Table 2 summarizes the average passive parameters of all the healthy and MI subjects. Figure 5 plots the average passive stiffness along the myofibre direction, and shows that the passive myofibre stiffness in the remote regions of the MI patients is much stiffer than the controls. This is a consequence of the myocardium adaptivity to MI and simply modelled using a higher end-diastolic pressure for the MI patients [36]. This increase corresponds with a stiffer myocardium for a given deformation [20].

The average *T*_{req} in the healthy group is 157 ± 25 kPa, and 156 ± 27 kPa in the MI group, as shown in figure 6*a*. No significant difference is found in *T*_{req} for the two groups.
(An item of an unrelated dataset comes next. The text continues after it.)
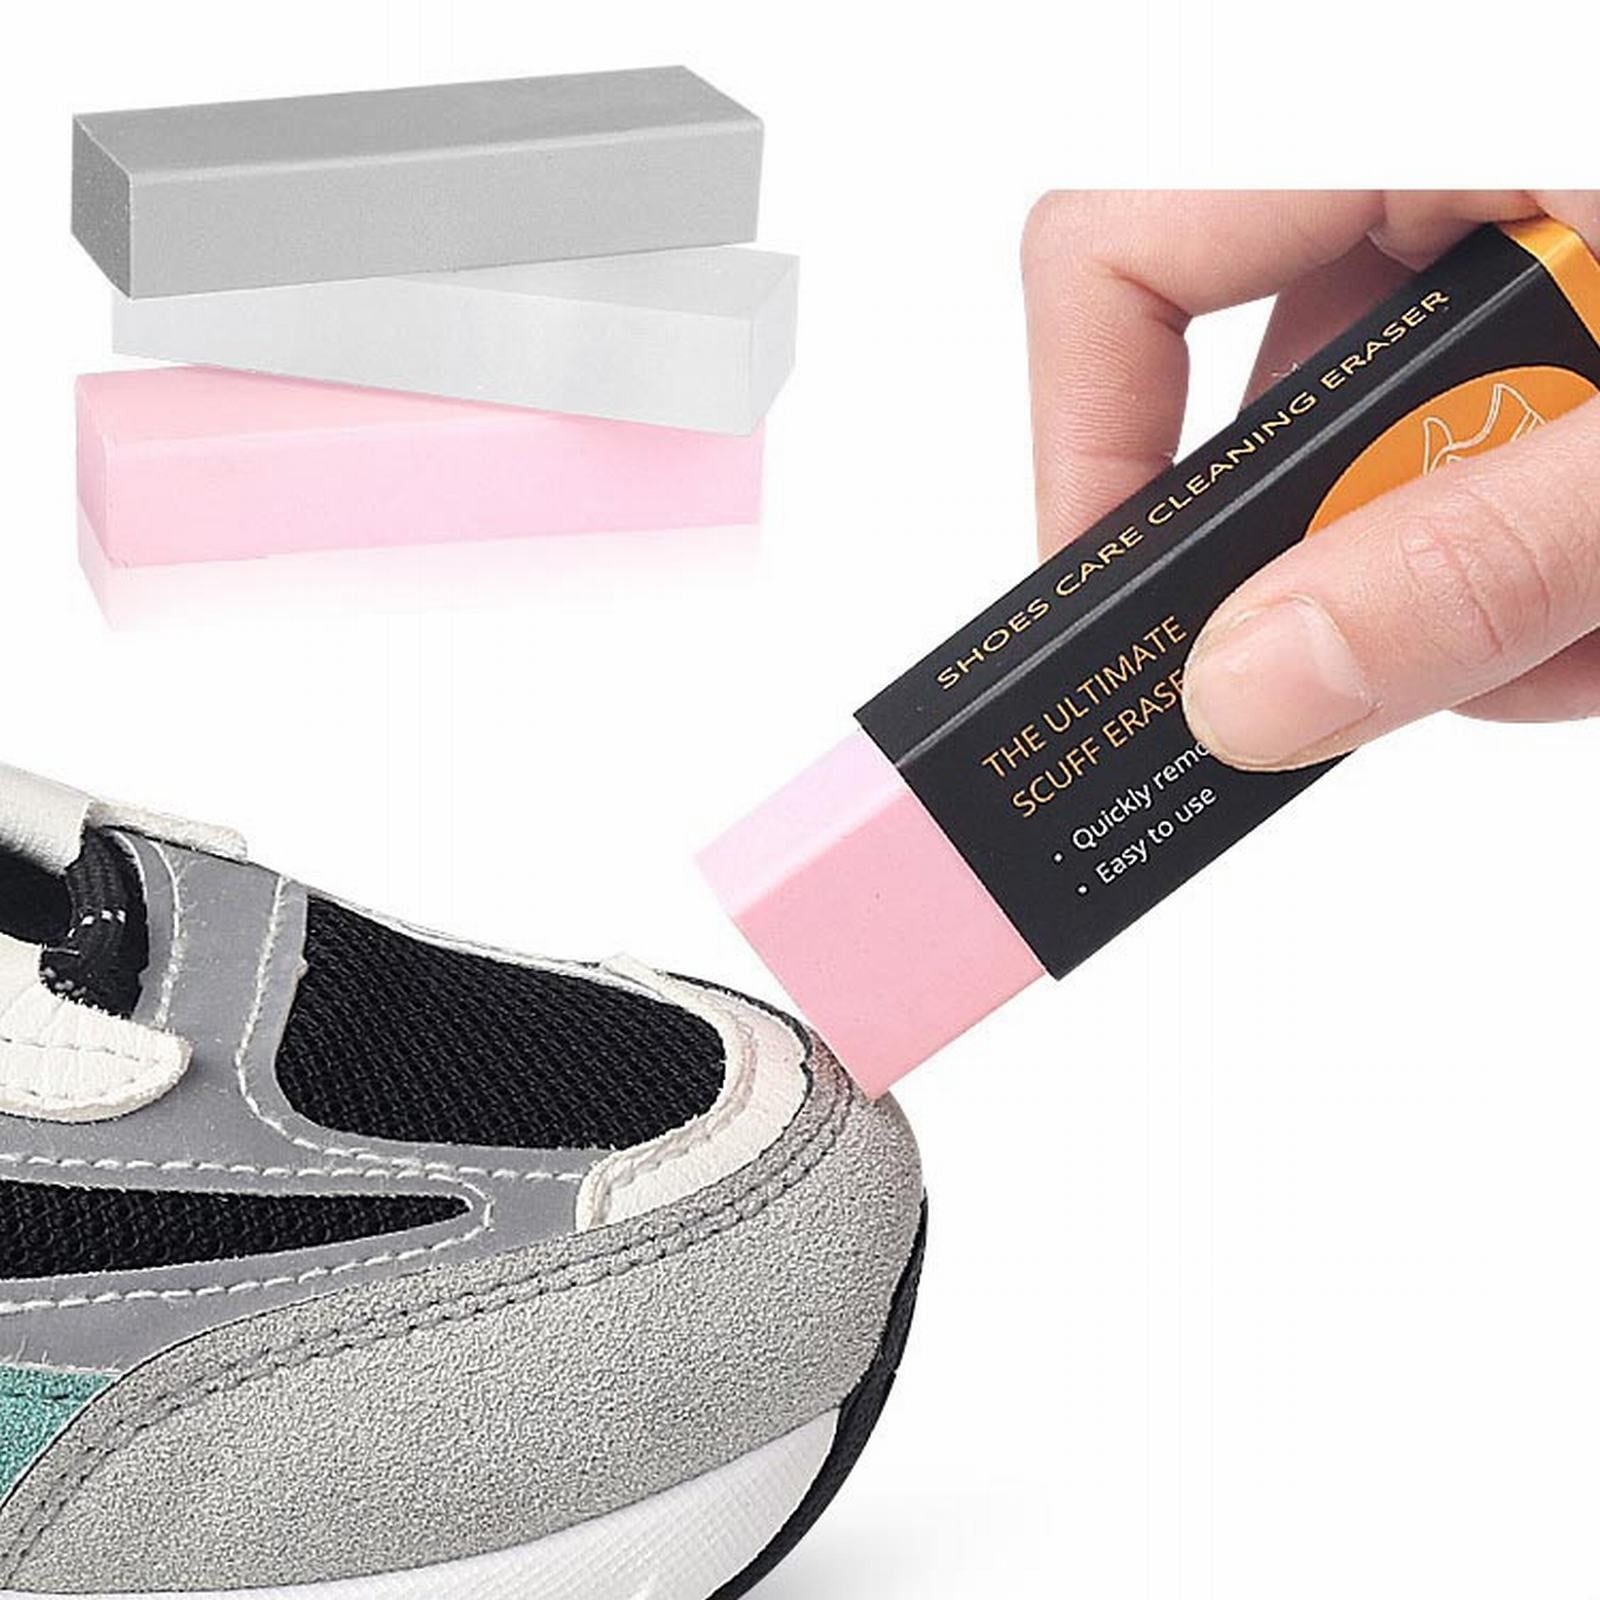 Hesroicy Helpful Shoes Clean Eraser No Water Required Fast Decontamination  Widely Used Practical Sneakers Eraser for Turn Fur

Similar results are found for *T*_{a} and systolic myofibre stress *σ*_{f} as shown in figure 6*b*,*c*. However, the average *T*^{norm}_{a} in the healthy group is much lower than the MI group (0.45 ± 0.06 kPa mmHg^{−1}—healthy versus 0.55 ± 0.07 kPa mmHg^{−1}—MI, *p* < 0.01). Similar trend is shown in *σ*^{norm}_{f} (0.35 ± 0.05 kPa mmHg^{−1}—health versus 0.47 ± 0.09 kPa mmHg^{−1}— MI, *p* < 0.01). The systolic myofilament kinetics *C*^{s} is 0.42 ± 0.04 in healthy group, which is slightly lower than 0.44 ± 0.13, *p* = 0.50 in the MI group. Figure 7 shows the distributions of *T*^{norm}_{a}, *σ*^{norm}_{f} and *C*^{s}. Interestingly, even with a wider range of SBP, the standard deviations of *T*^{norm}_{a}, *σ*^{norm}_{f} and *C*^{s} in the healthy group are much smaller compared with the MI group.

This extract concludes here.